▶ Try it
Only the lines below between the ones containing "世界各国から報道陣が集まった、ダイヤモンド・プリンセスが接岸する横浜・大黒ふ頭" and "Pomůcky pro práci s čokoládou", inclusive, are to be reproduced, each exactly as it stands.
Input for this task Start Marker
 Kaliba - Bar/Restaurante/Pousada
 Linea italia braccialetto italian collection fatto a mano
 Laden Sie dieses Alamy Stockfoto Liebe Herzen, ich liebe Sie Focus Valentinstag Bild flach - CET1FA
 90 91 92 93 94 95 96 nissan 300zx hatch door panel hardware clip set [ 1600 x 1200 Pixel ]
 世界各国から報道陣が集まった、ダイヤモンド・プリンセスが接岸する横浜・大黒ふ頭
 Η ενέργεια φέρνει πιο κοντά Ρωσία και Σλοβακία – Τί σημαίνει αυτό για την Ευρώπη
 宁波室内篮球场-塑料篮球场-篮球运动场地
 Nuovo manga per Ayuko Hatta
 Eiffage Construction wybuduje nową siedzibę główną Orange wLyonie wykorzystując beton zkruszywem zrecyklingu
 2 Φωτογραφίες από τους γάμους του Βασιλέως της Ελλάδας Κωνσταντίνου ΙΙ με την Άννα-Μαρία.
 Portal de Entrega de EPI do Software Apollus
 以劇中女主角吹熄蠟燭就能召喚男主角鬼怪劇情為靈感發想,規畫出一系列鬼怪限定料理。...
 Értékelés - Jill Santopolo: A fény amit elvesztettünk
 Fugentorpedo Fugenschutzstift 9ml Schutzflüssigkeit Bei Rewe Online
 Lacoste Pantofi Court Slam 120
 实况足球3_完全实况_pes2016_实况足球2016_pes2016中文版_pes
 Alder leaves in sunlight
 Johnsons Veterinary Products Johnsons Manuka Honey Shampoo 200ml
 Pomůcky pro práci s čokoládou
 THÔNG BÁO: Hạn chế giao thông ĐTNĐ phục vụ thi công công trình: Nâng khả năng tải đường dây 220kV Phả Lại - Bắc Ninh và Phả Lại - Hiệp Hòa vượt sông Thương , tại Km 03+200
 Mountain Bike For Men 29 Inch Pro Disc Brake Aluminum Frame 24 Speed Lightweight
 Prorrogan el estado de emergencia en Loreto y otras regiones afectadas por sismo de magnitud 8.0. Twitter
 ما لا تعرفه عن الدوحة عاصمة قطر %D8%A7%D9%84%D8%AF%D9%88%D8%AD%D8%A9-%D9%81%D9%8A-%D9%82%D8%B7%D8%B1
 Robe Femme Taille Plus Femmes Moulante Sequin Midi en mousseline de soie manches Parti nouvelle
Input for this task End Marker
▶ Solution for this problem
 世界各国から報道陣が集まった、ダイヤモンド・プリンセスが接岸する横浜・大黒ふ頭
 Η ενέργεια φέρνει πιο κοντά Ρωσία και Σλοβακία – Τί σημαίνει αυτό για την Ευρώπη
 宁波室内篮球场-塑料篮球场-篮球运动场地
 Nuovo manga per Ayuko Hatta
 Eiffage Construction wybuduje nową siedzibę główną Orange wLyonie wykorzystując beton zkruszywem zrecyklingu
 2 Φωτογραφίες από τους γάμους του Βασιλέως της Ελλάδας Κωνσταντίνου ΙΙ με την Άννα-Μαρία.
 Portal de Entrega de EPI do Software Apollus
 以劇中女主角吹熄蠟燭就能召喚男主角鬼怪劇情為靈感發想,規畫出一系列鬼怪限定料理。...
 Értékelés - Jill Santopolo: A fény amit elvesztettünk
 Fugentorpedo Fugenschutzstift 9ml Schutzflüssigkeit Bei Rewe Online
 Lacoste Pantofi Court Slam 120
 实况足球3_完全实况_pes2016_实况足球2016_pes2016中文版_pes
 Alder leaves in sunlight
 Johnsons Veterinary Products Johnsons Manuka Honey Shampoo 200ml
 Pomůcky pro práci s čokoládou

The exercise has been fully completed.